About 14,500 members were deemed unprofitable and 700 left within the first few months of the changes. A branch traffic study also showed that through shared branching RRCU was serving as many non-members as members. "We did not feel that is a profitable service," Ahern said. "Why should my members who pay the bills stand in line behind people who don't?"
The credit union brought in self-service kiosks to handle all shared branching transactions. Also, members deemed to be the least profitable, based on their overall relationship with the credit union, could use the kiosks for free or pay $5 per live teller transaction. In addition, this group was charged $3 for paper statements if they chose that option over free electronic statements. "We always give our unprofitable members a free option," Ahern pointed out.
Red Rocks initiated a big push to get members to use remote and electronic access. Today, 60% of all RRCU households take electronic statements. "And virtually 100% of our loans are opened and closed electronically and remotely (Credit Union Journal, July 21, 2008)," Ahern said, who noted that consumer loan applications rose by 115% in 2008. "You open accounts over the phone, and if you come to the branch to open an account we put you on a phone. Members figure out quickly they don't have to come to the branch to do business." Red Rocks added two new call centers to handle the increased phone traffic.
While changes impacting RRCU members were significant, internally the credit union experienced a "huge cultural overhaul," Ahern said. "I said if we are going to get serious about this efficiency push, we have to live this. All of the executives have given up their offices, some sit in cubicles with staff. I took the smallest office in the entire facility to bring this point home."

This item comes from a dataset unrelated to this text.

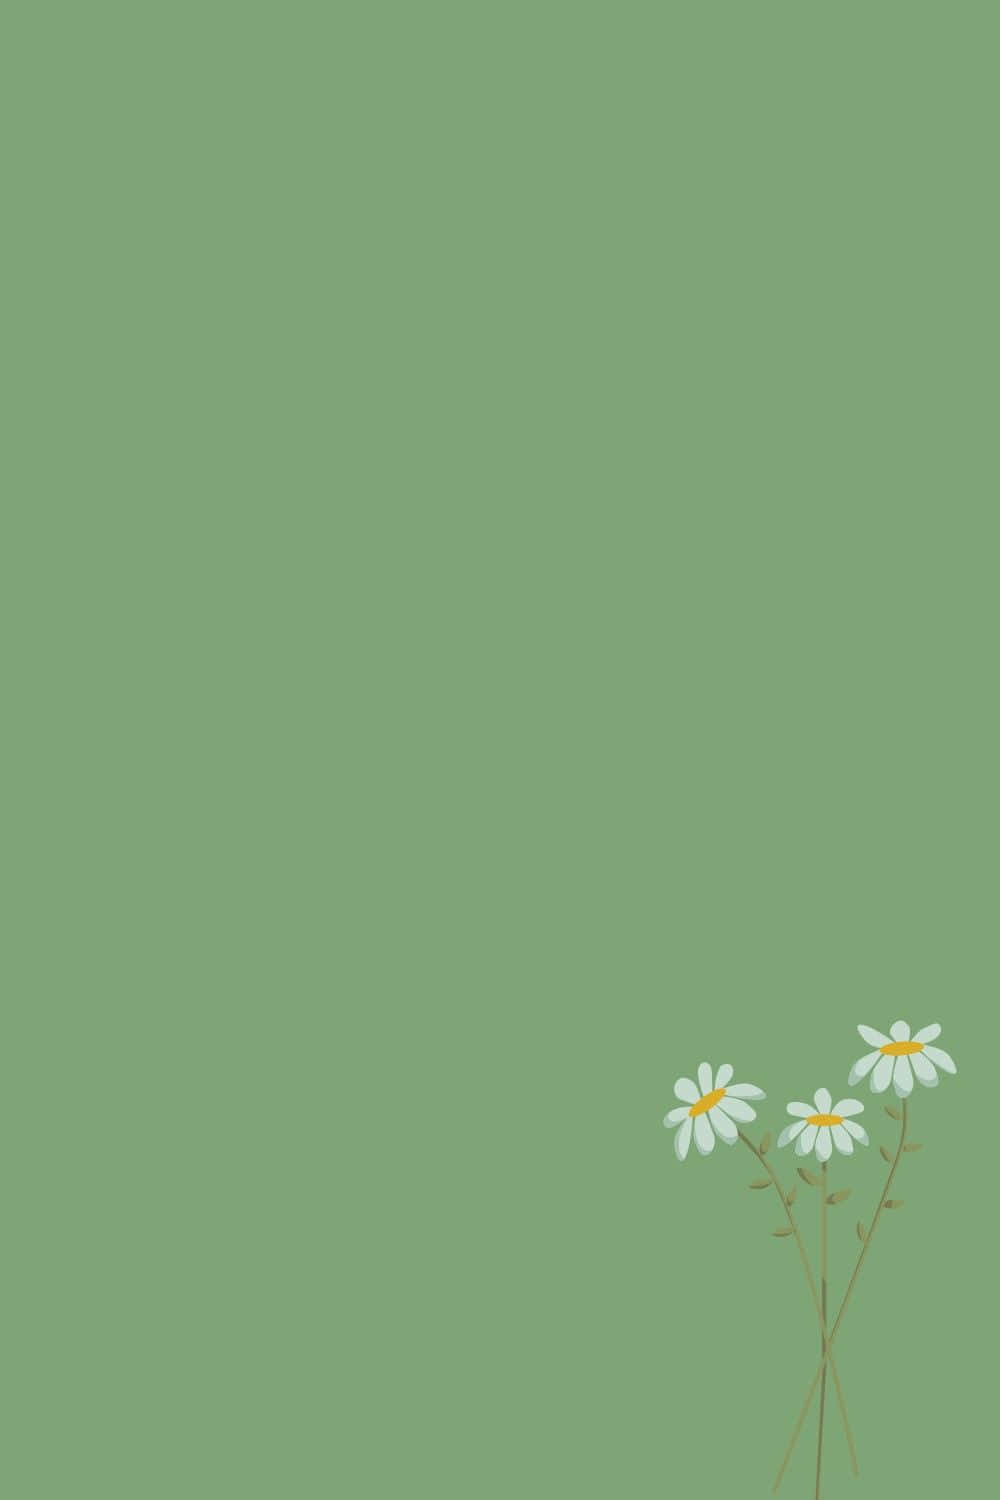 Sage Green Background Wallpaper Design Images | Free Photos, PNG Stickers,  Wallpapers & Backgrounds - rawpixel

Along with the staff reduction came redeployment, which included an emphasis on new phone centers and sales. The CU retrained where it could, but didn't hesitate to bring in people with new skills sets, including a new VP of sales. "When you hire new people you don't have to worry about 'untraining' them from doing things the old way," Ahern said.
Front-line staff went from being jacks of all trades to handling a high number of transactions and referring members to the sales team to obtain products and services. "We came to grips with the fact that we should not expect any sales from people in certain positions," Ahern said. "We think segmenting these tasks makes everyone's jobs a lot simpler, and people are more confident in what they do."

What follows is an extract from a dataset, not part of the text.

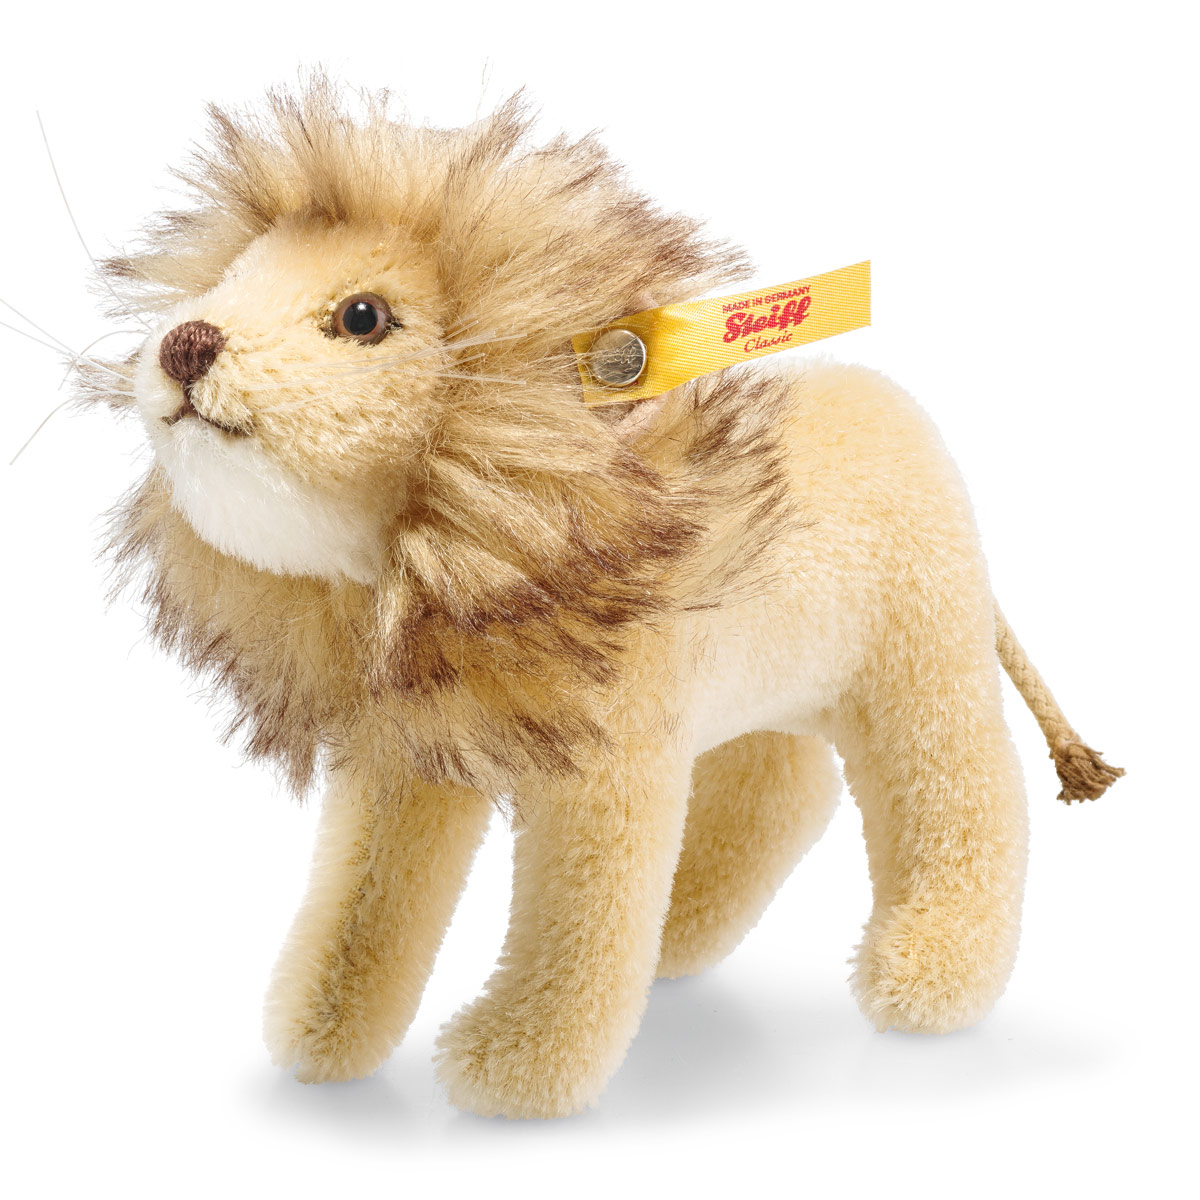 Steiff National Geographic Lion in Gift Box

A greater emphasis was put on variable pay, such as bonuses. "Previously we were driven by base compensation," Ahern explained. "We held base pay and increased variable pay to drive performance around our efficiency and cost-cutting metrics." Despite reducing staff to 34 from 52, RRCU has increased variable compensation and bonuses by 78%.
The benefit to members from of all the moves is clear in their returns, said Ahern. A 48-month auto loan is 4%, and deposit products compete nationally with banks and investment firms like ING. Red Rocks' capital ratio is 9.1%. "We said since we are going to more self-service we have to pay attention to national rates." At press time, RRCU's High-Yield savings paid 1.61%, 20 basis points above ING, Ahern pointed out. A one-year CD returned 2.12%."
"It's all about hard choices," Ahern asserted. "I think a lot of times CEOs — and I speak for myself — buy into the latest concept, the latest consultant pitch, and run off and pretend to be something we are not. For so many years Red Rocks forgot that it was a credit union and wanted to become more like a retail community bank. We are not significantly big enough — and I would say most of us aren't — to do that and do it well. I used to believe that bigger is better and there was such a thing as too big to fail — which has proven to be a fallacy. As I said, we had forgotten who we are."